__TASK REQUIREMENTS__: Go to the line below that has "سماعة رأس العاب", print it and each line after it exactly, and stop after the line that has "しない害虫潜在的な[BY WISHTREND] ナチュラルビタミン21.5エンハンシング"; leave out pictures.

Top of DATA FOR THIS TASK

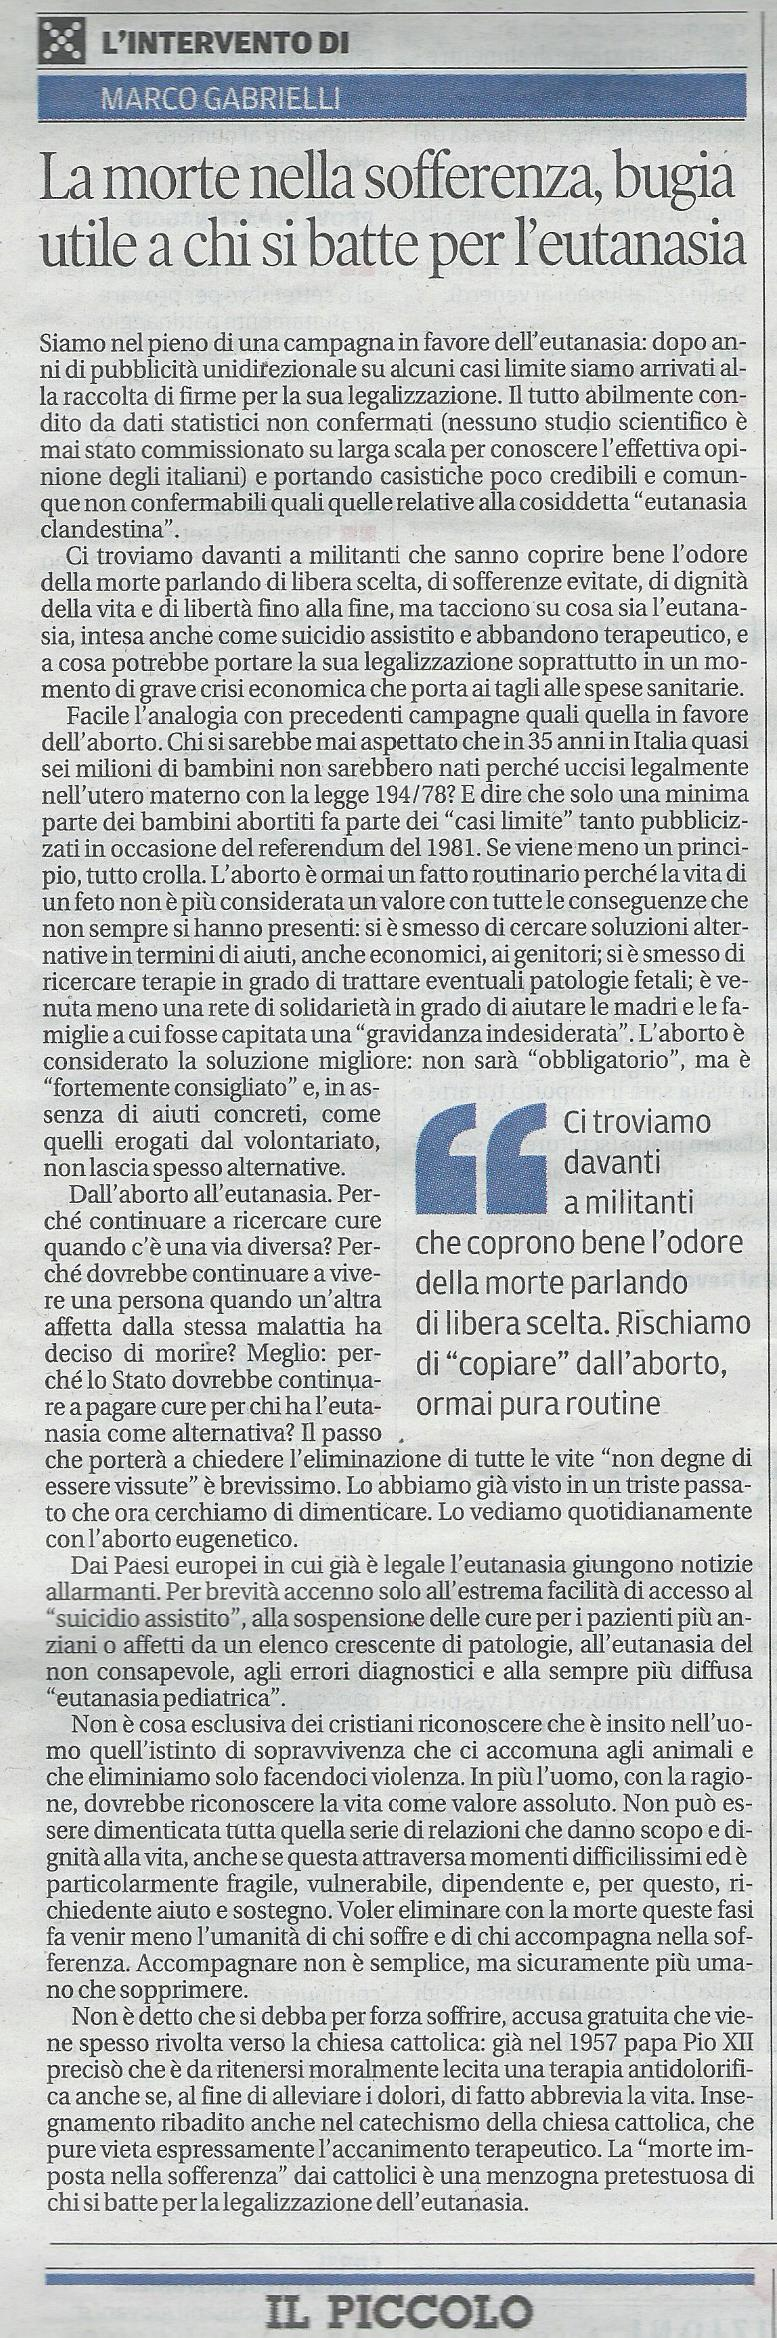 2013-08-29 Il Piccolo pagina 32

Bottom of DATA FOR THIS TASK
Top of DATA FOR THIS TASK

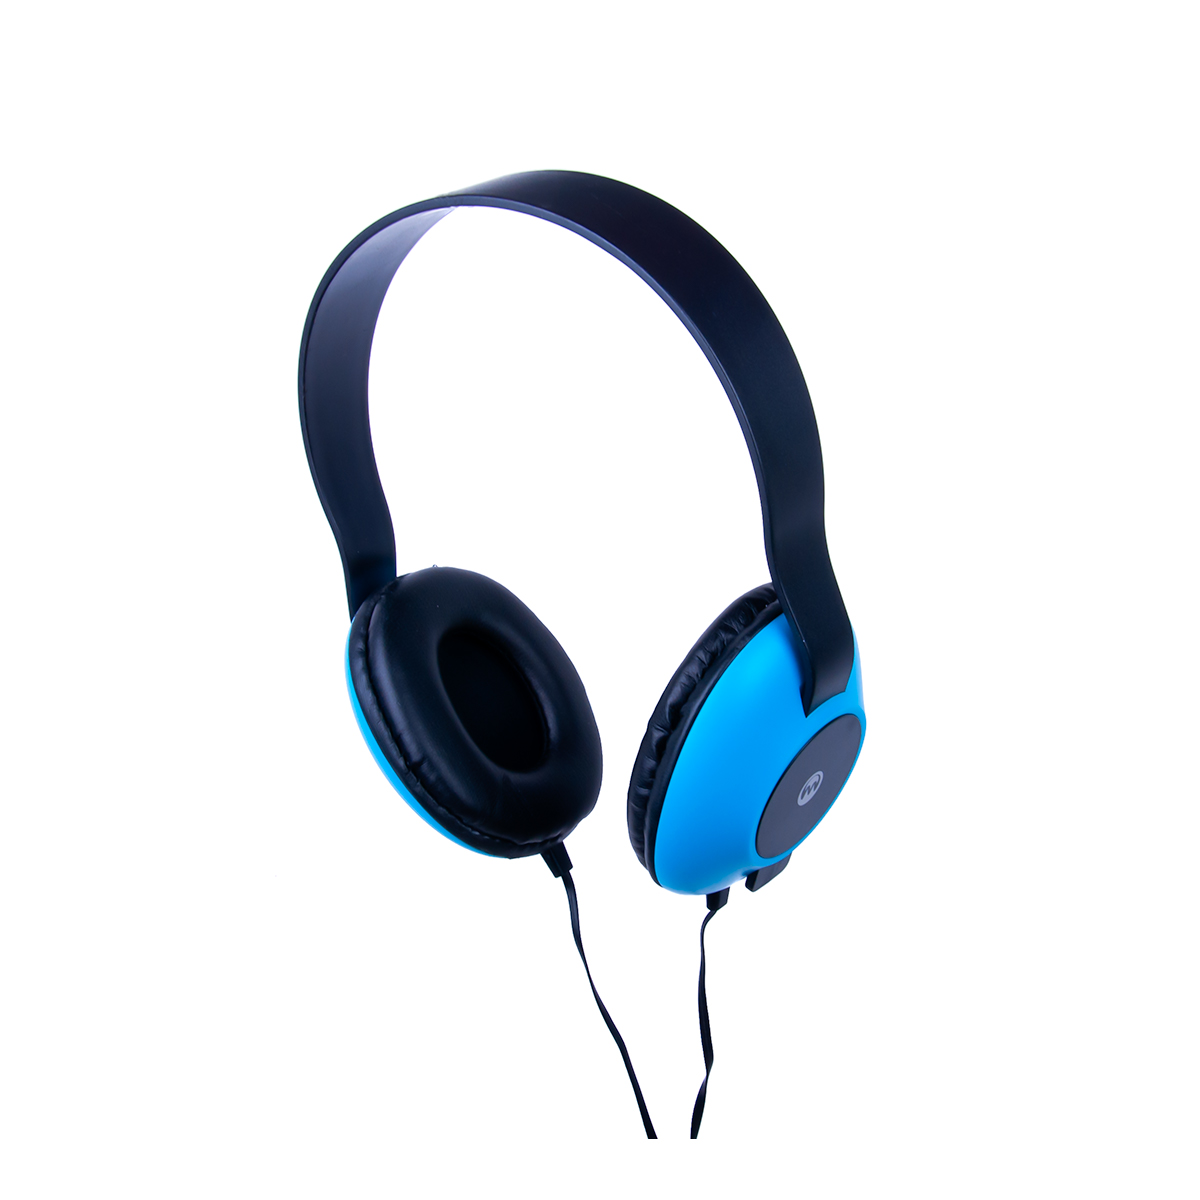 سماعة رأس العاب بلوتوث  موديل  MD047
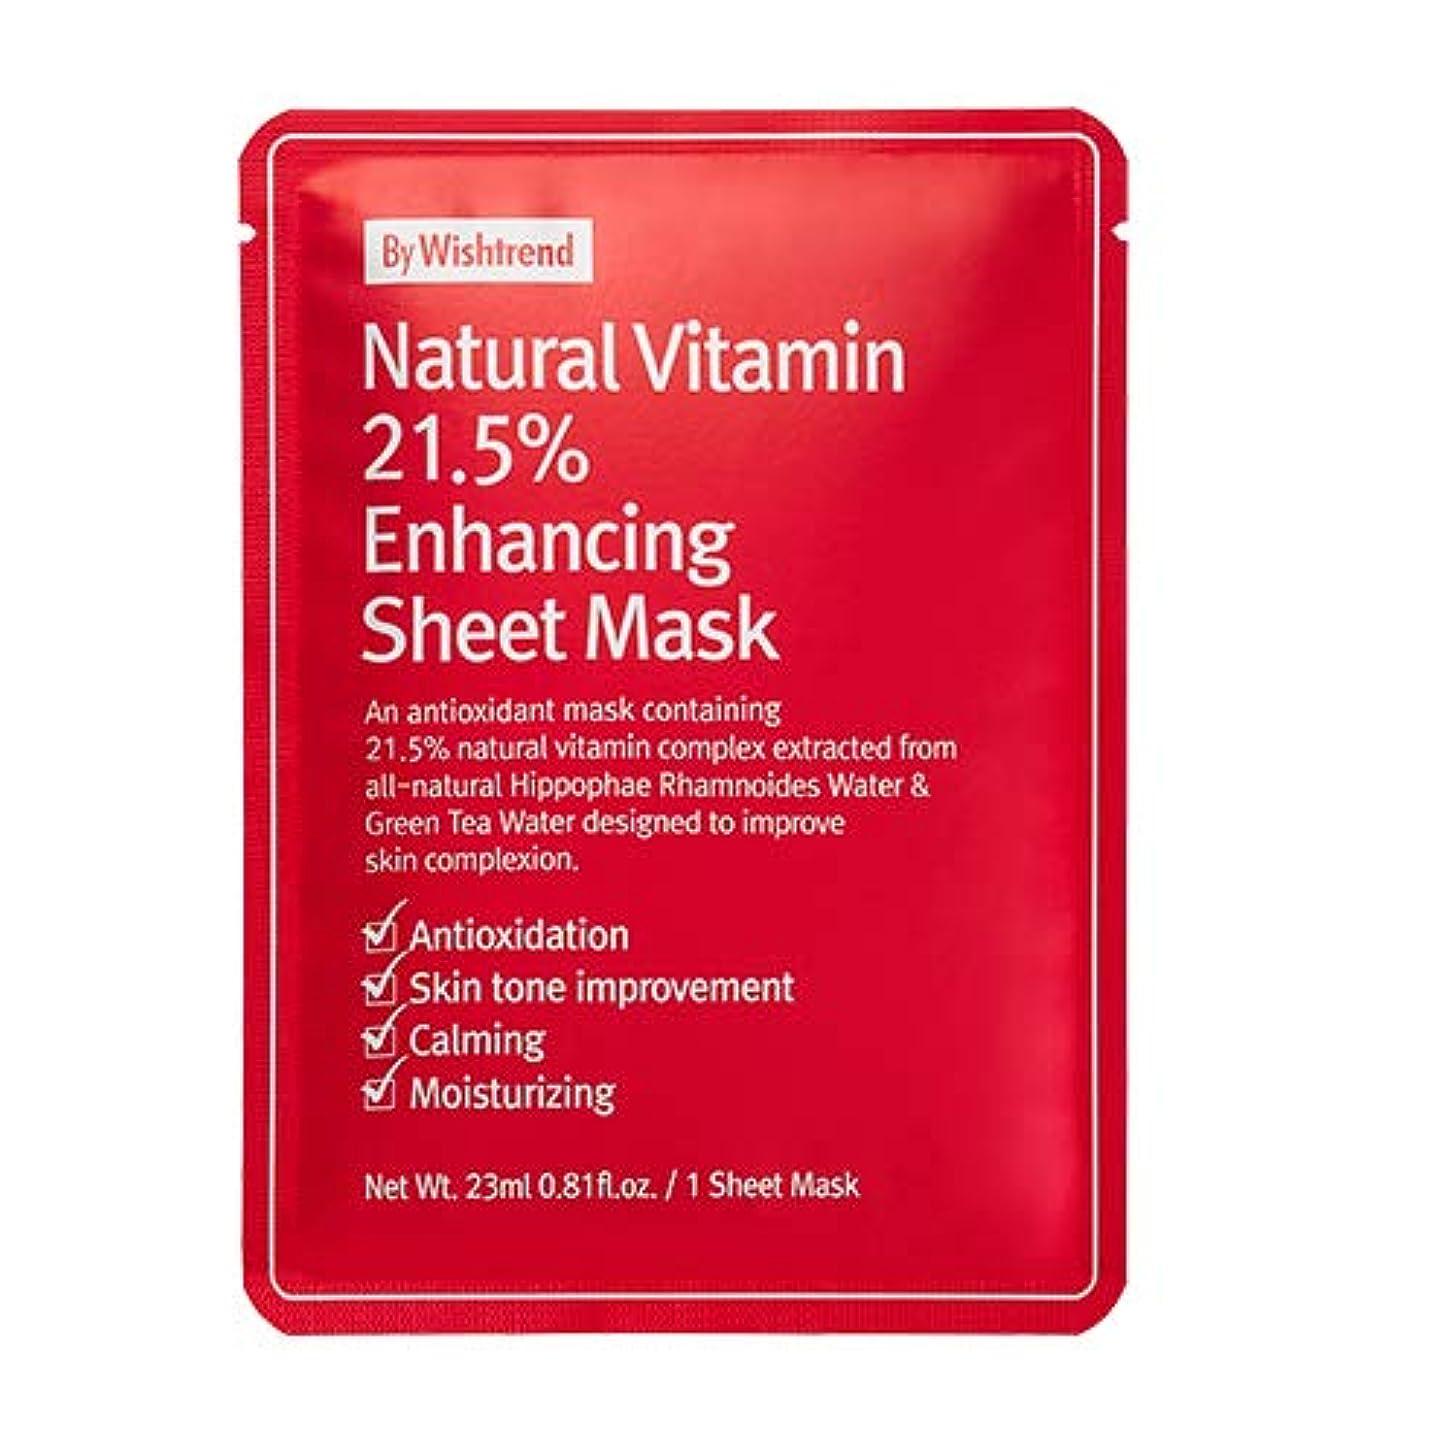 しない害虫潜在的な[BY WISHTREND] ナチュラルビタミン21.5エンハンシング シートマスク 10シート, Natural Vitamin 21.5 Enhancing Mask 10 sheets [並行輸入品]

Bottom of DATA FOR THIS TASK

__ANSWER BELOW__:
 سماعة رأس العاب بلوتوث  موديل  MD047
 しない害虫潜在的な[BY WISHTREND] ナチュラルビタミン21.5エンハンシング シートマスク 10シート, Natural Vitamin 21.5 Enhancing Mask 10 sheets [並行輸入品]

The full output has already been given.